In September 2009, we removed the newspaper and muslin layers from the weed barrier plots. On 17 and 21 May 2010, once again preceding nest initiation, we applied a layer of polypropylene artificial turf, obtained second-hand from golf courses. Sections of turf averaged ∼5 m2 in size and were generally rectangular in shape. We laid pieces to allow a margin of ∼5 cm of clear soil between each section and anchored them in place with 25.4-cm galvanized steel spikes with 0.95-cm heads, using two nails per square meter of turf. Although weed barrier materials differed between seasons, the overall matrix of covered and uncovered soil did not change.

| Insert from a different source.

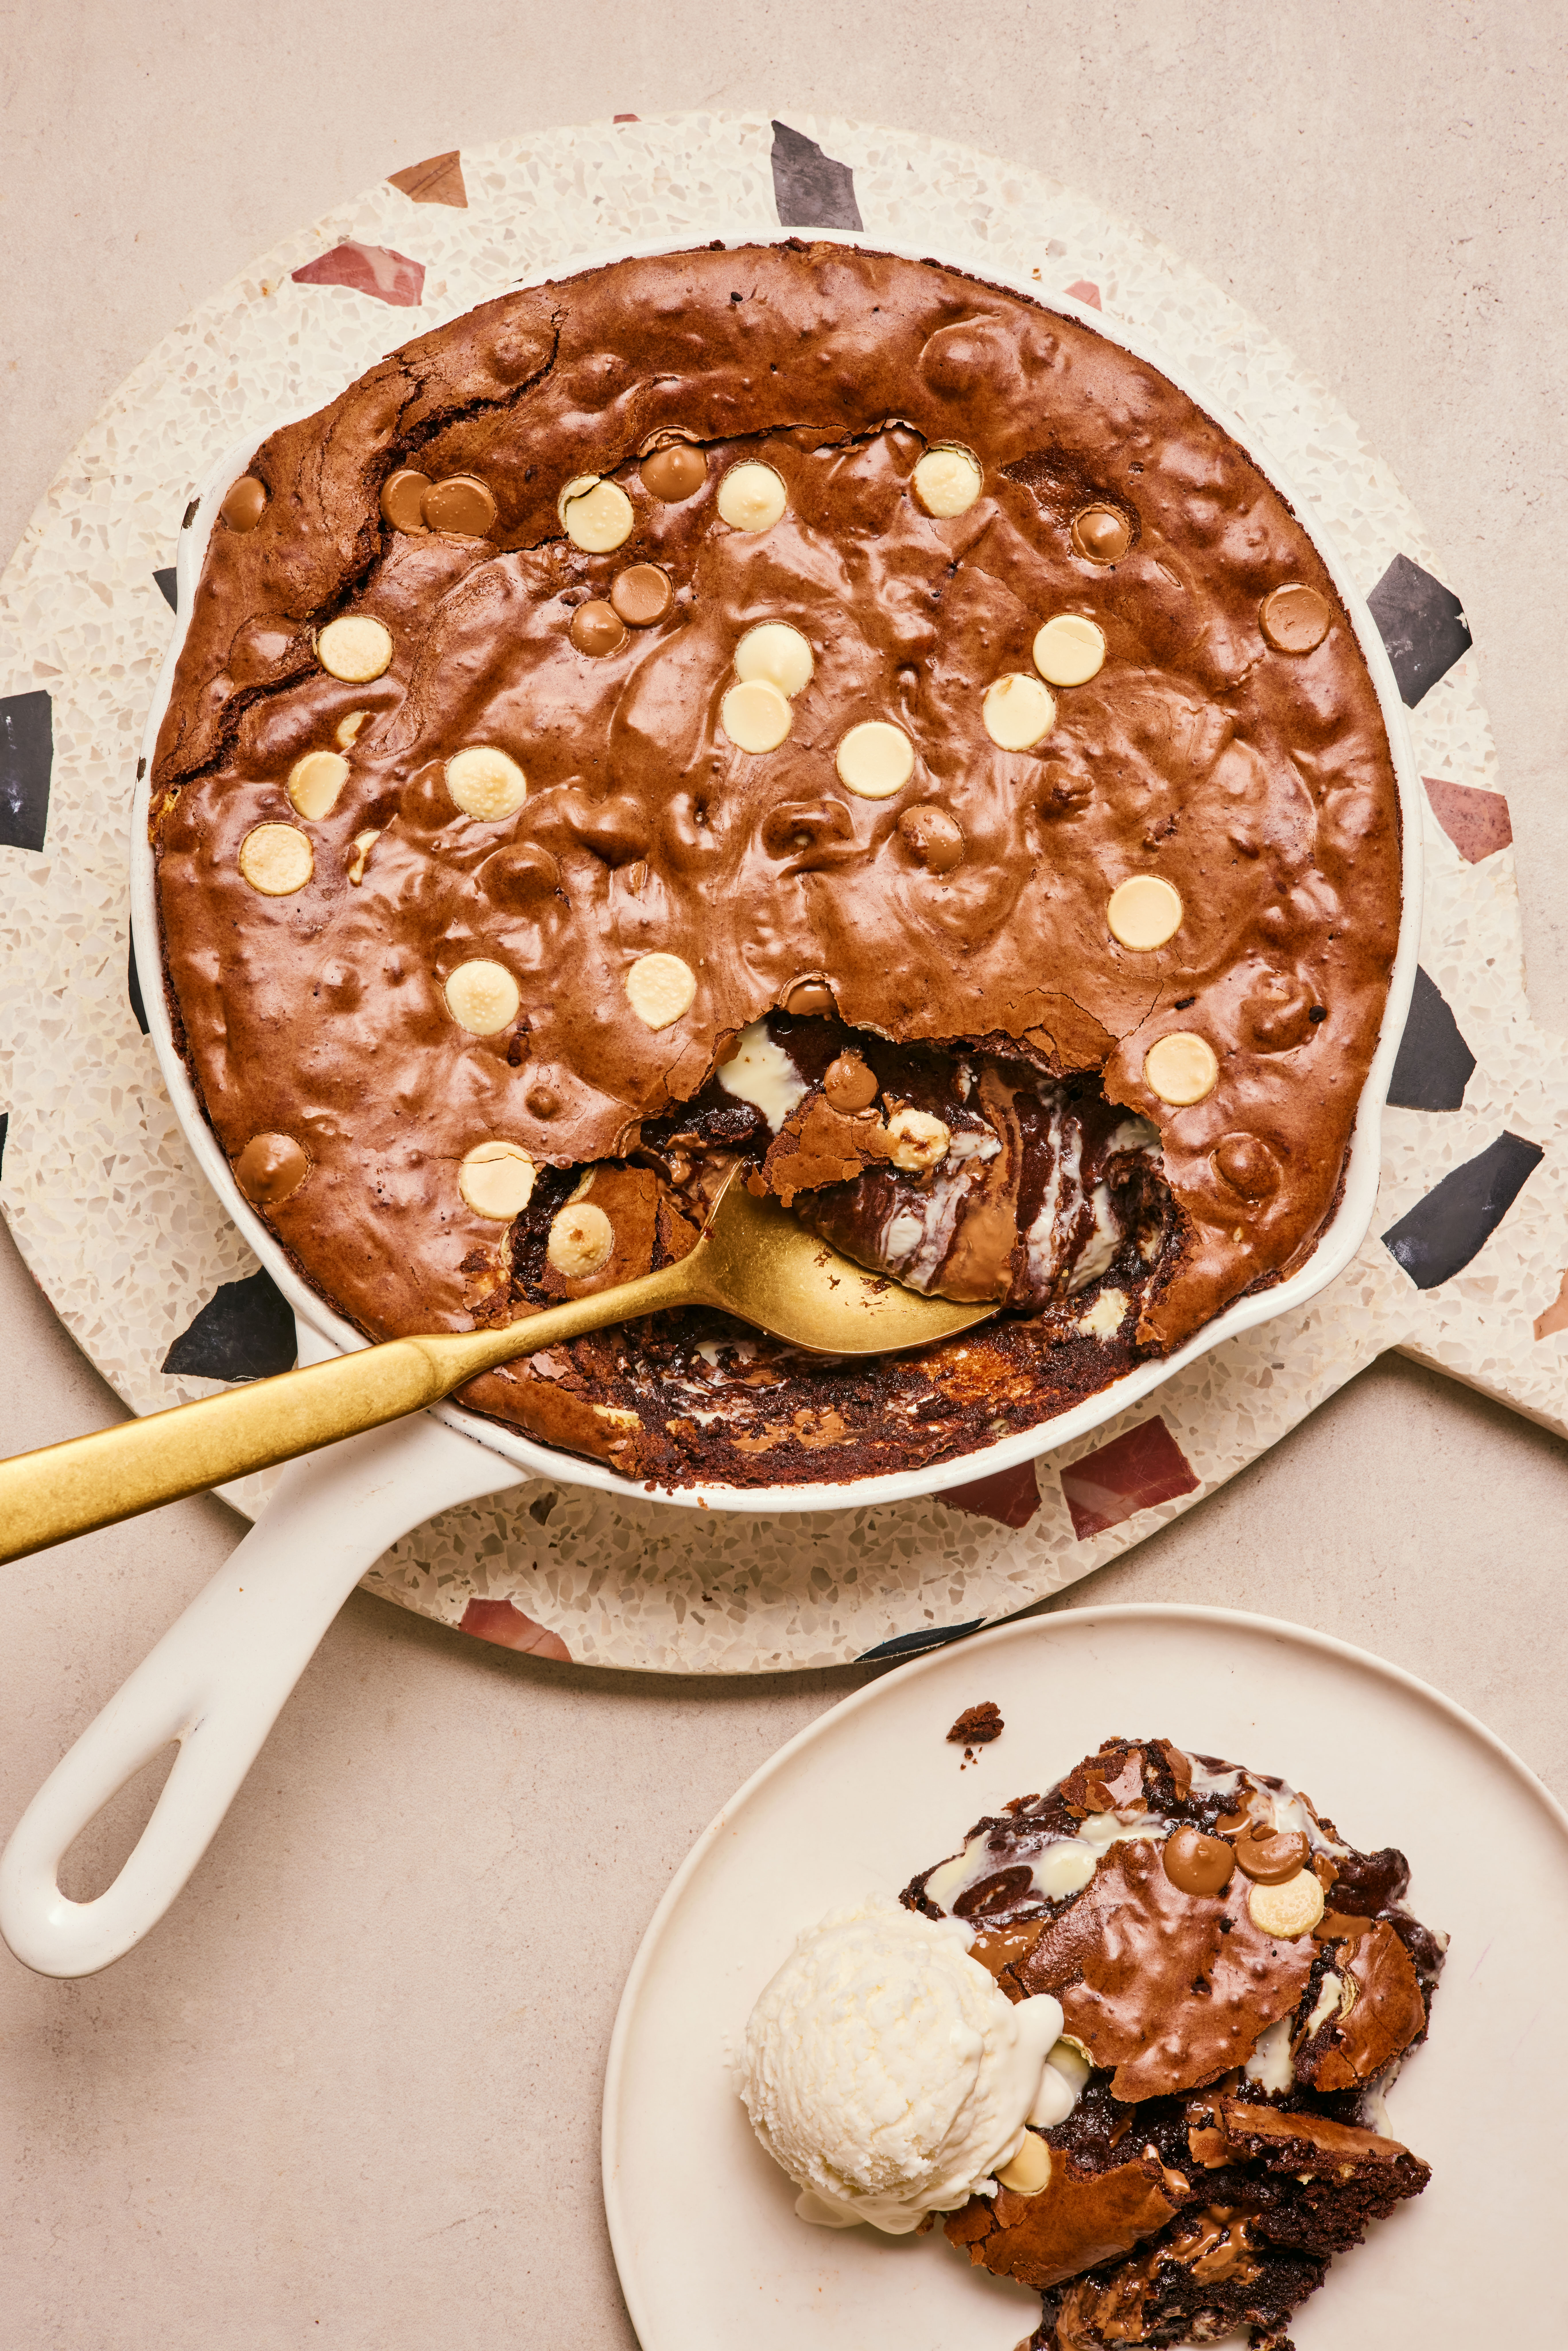 https://thehappyfoodie.co.uk/wp-content/uploads/2023/07/Janes-Patisserie-Giant-Skillet-Brownie.jpg

Common Tern habitat. Common Tern habitat transects were located in areas currently used for nesting by Common Terns, along the edges of grid squares used to conduct nest censuses. Transects were chosen by randomly drawing two grid square numbers per sampling period from among all grid squares on the island containing occupied Common Tern nesting habitat.

Monitoring

Vegetation monitoring. During the 2009 and 2010 Common Tern nesting seasons (May to August), we did not conduct any further treatment of plots, but monitored two indices of treatment success: vegetation regrowth and Common Tern nesting success. We conducted vegetation monitoring during three sampling periods: egg-laying, chick hatch, and fledging. To allow for weather and differences in phenology between the two islands, we chose 7-day sampling periods based on peak egg-laying (28 May to 3 June), hatching (15 to 24 June) and fledging (6 to 15 July) dates recorded in previous years. We did not sample when vegetation was wet or wind speed was excessive (> 15 kmph) because these factors could influence height and cover measurements and nest survival.

We used the point-centered quarter method (Cottam and Curtis 1956) adapted for use in grasslands (Dix 1961) to measure vegetation. Although this method is demonstrably weak in its estimates of species-specific density in clumped grasslands (Risser and Zelder 1968), this method takes less time than other commonly-used vegetation sampling techniques, which is advantageous in disturbance-sensitive seabird nesting colonies (Penfound 1963).

Before entering a plot, we randomly selected two 10-m transects by drawing two numbers between 1 and 18; numbers 1–9 were north-south transects 1 m from the plot edges numbered from west to east, and numbers 10–18 were west-east transects 1 m from the plot edges numbered from north to south. In nesting habitat plots, we restricted our selection to transect numbers known to contain Common Tern nests. Along each transect, 10 sample points were selected at 1-m intervals with the first sample point located 0.5 m inside the plot. We divided the area around each sample point into four quadrants and recorded the species and distance from the sample point to the nearest living vegetation stem in each quadrant. At each sample point, we also estimated percent canopy cover using a quadrat frame (1,250-cm2 rectangular frame with cross-strings at 5-cm intervals) centered on the sample point, recording percent cover by counting the number of squares where the ground was completely obstructed by vegetation (Daubenmire 1959). Average vegetation height was recorded using a Robel pole, a 2-m length of PVC marked by alternating 10-cm bands of dark tape around the white pole (Robel et al. 1970). One observer held the pole in place at the sample point while a second observer stood 4 m away and, looking from the height of a second 1-m tall PVC pole, recorded the lowest visible 5-cm mark.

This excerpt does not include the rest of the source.